There was no strategic plan in place to identify and meet the needs of this particularly vulnerable group of children and families. Inspectors found there was no effective mechanism to gather data about these children and there was no process to identify risks to them ... The Child and Family Agency did not collect data on the different ethnic groups referred to their services and ethnicity was not regularly recorded in children’s files. As a result, all of the areas struggled to provide the information requested by the Authority about referrals of children in direct provision accommodation. There was no analysis of emerging trends about referrals or the results of initial assessments in spite of the higher than average rate of referrals ... As a result it was not possible for managers to carry out a needs analysis [that was essential].
The report goes on in significant detail over 30 pages. It goes through all the different issues. As I live in and represent the area of Louth and east Meath, I am concerned to note that Tusla clearly failed in its duty of care to these children. It is not just the children who were failed. The HIQA report states that in the Louth-Meath area, Tusla met just one of the 27 parameters of assessment that child welfare services are required to meet. I met the chief executive and the chief operations officer of Tusla. Since then, I have met a number of people who work in the agency. I acknowledge their acknowledgement of the errors that were made and the failure to provide the supports that should have been there. I acknowledge their response in the action plan, particularly as it relates to children who are in direct provision, which was published on the HIQA website on 26 May last.
I welcome all the significant changes being made by Tusla. We have to ensure it has the support, resources, qualified people and social workers to provide the services that are needed. I do not doubt that Tusla wants to provide such services and that, as an Oireachtas, we want it to do so. We want to ensure all our children are treated equally, regardless of whether they are in Louth and Meath, Cavan and Monaghan or Cork and Kerry. They are all entitled to the same professional supports, standards of care and resources. If financial resources are needed to ensure all our children are kept safe, that must be addressed immediately.
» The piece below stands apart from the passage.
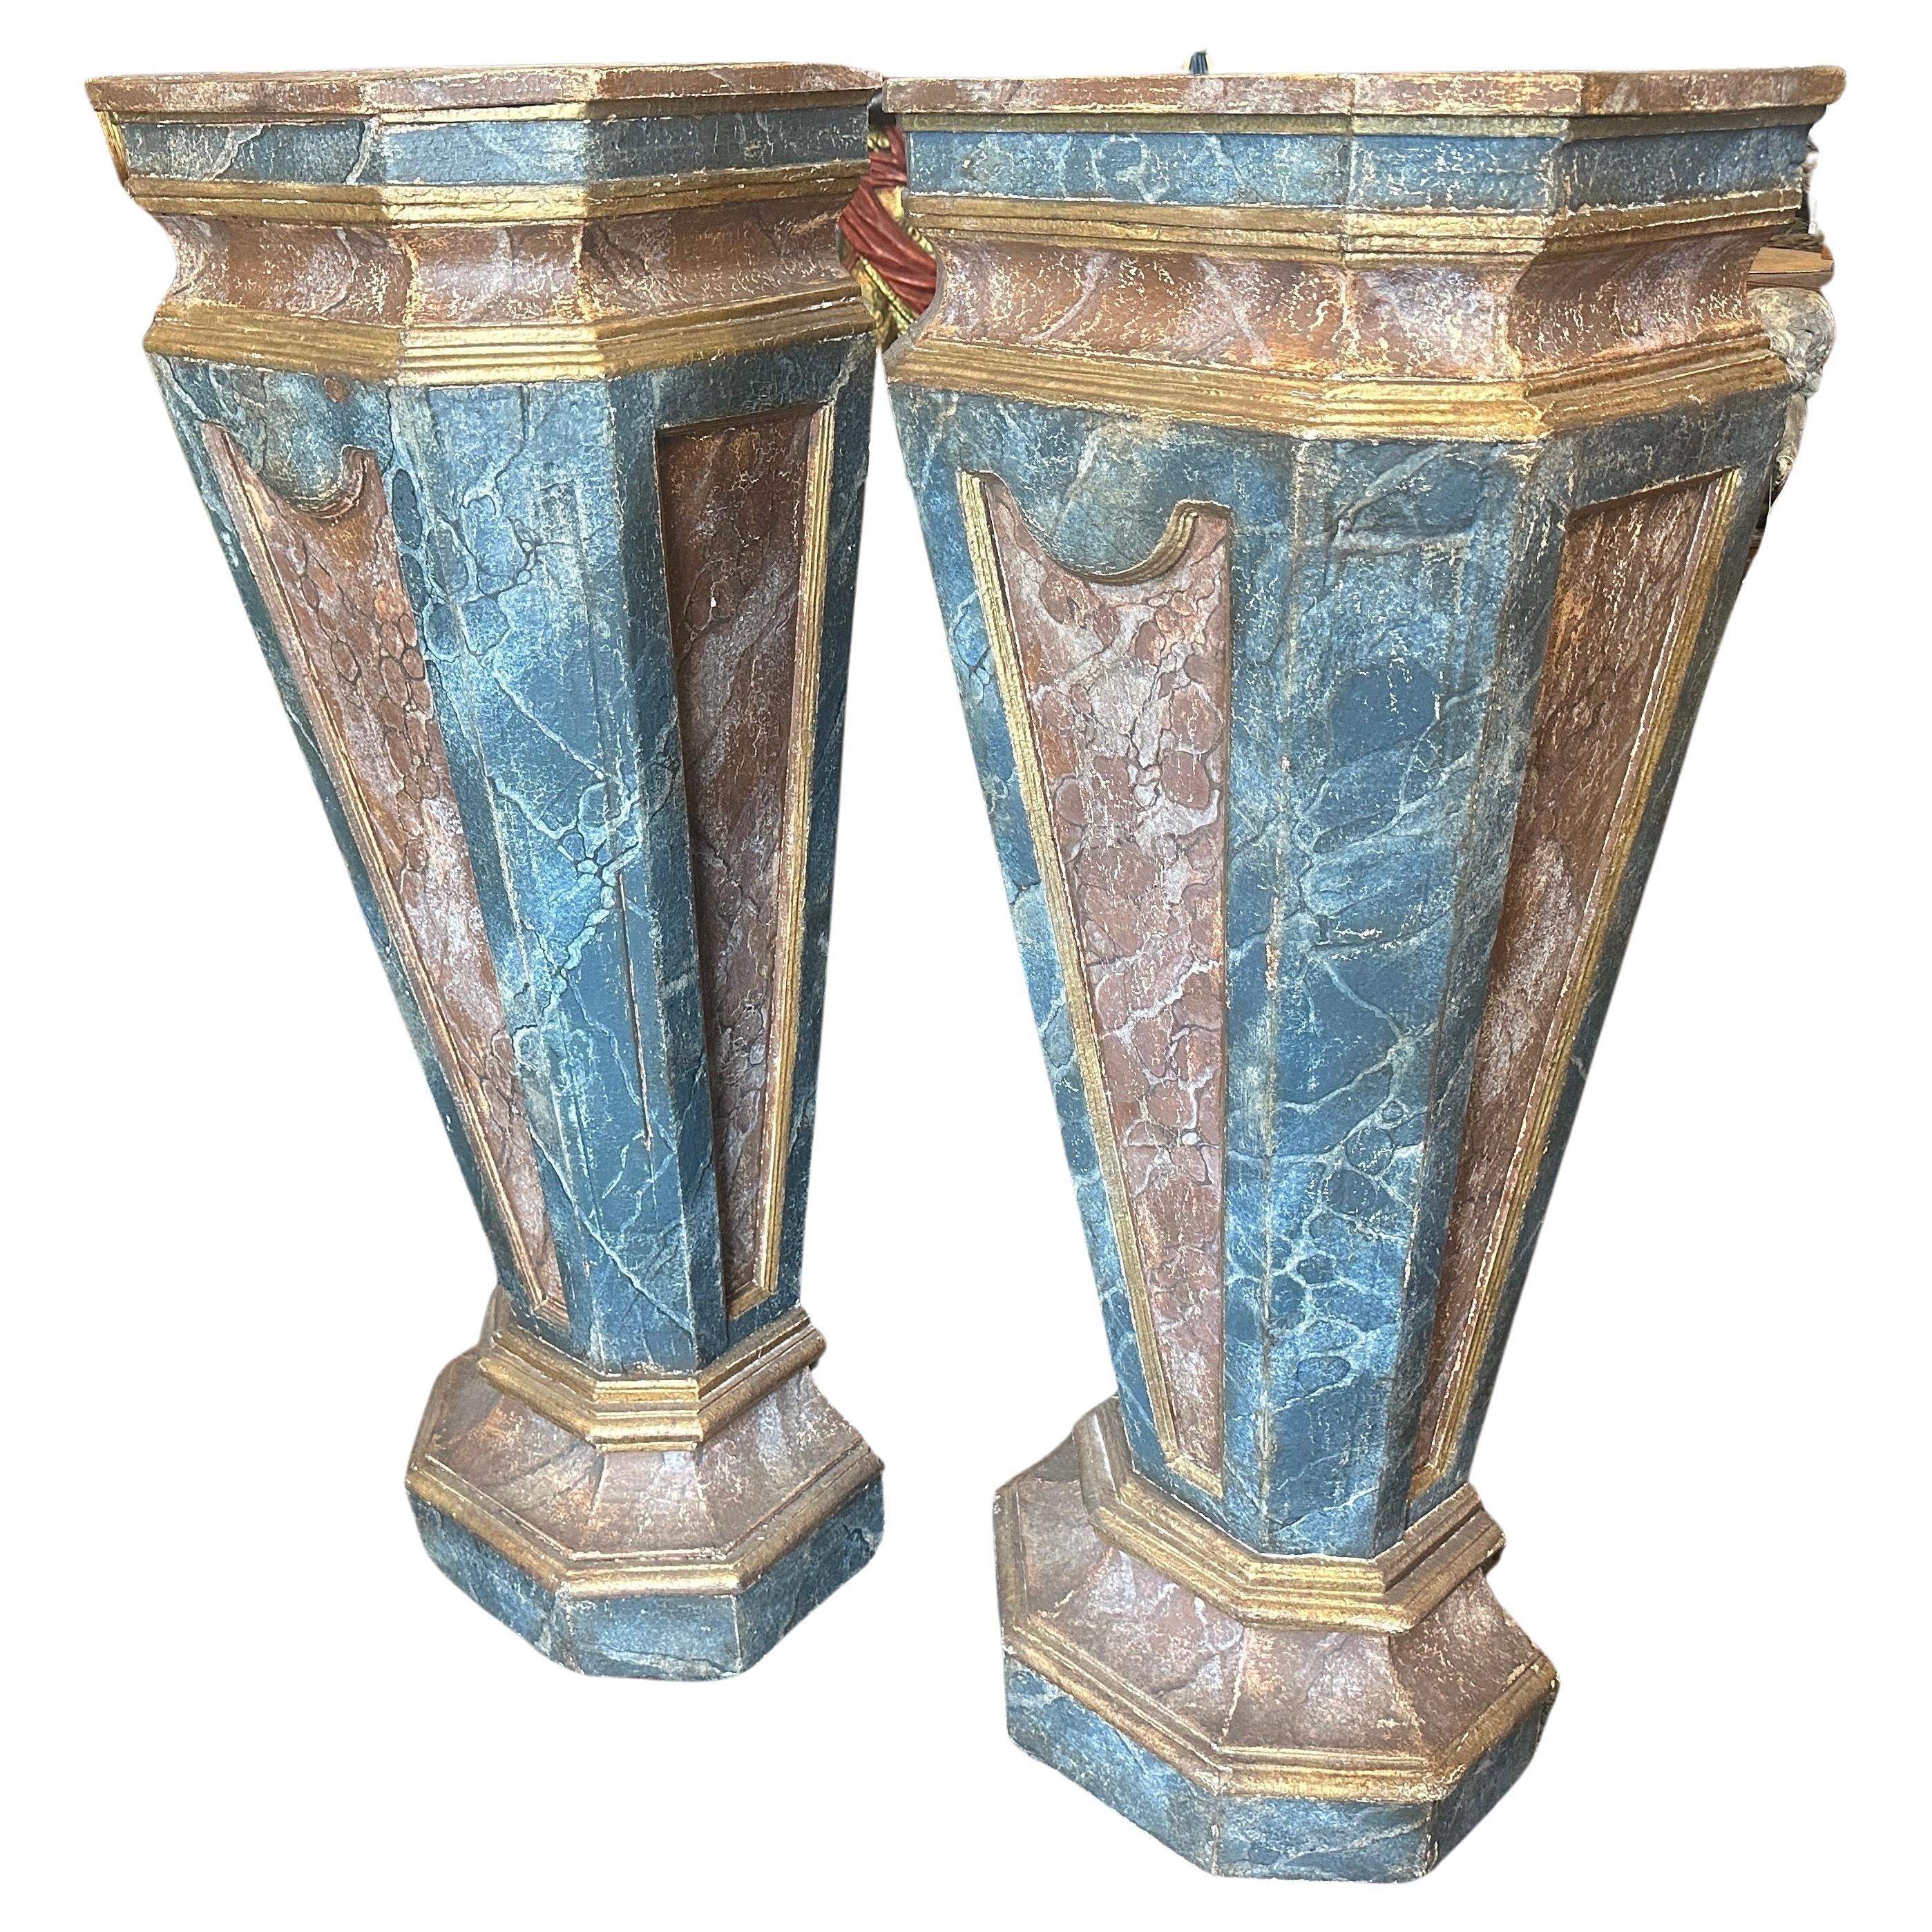 Two Blue, brown and gold lacquered wood columns hand-crafted in Italy in late 19th century, they were in a noble Sicilian palace at the four corners of a large hall, there are 4 columns available and they are sold in pairs. They exhibit

I refer specifically today to the children who are in need and at risk in direct provision, as a greater proportion of them are at risk by comparison with the community outside direct provision.
This is a very important Bill. I do not think there is any controversy about the principle of having a one-stop-shop to deal with applications and put them through as quickly as possible. Many people from direct provision have come into my office with their children, who are not children anymore because they are going to university now. I welcome the Government's recent decision to support such students by giving them the same status as Irish-born students. This means they will not have to pay the huge fees that are paid by students from outside the EU. A great deal of progress has been made. The Government is recognising in this legislation that things need to change. They are changing.
Behind all of this are children who are vulnerable and there are more such children than in the average community so we need greater support services to look after them. I look forward to the debate on Committee Stage.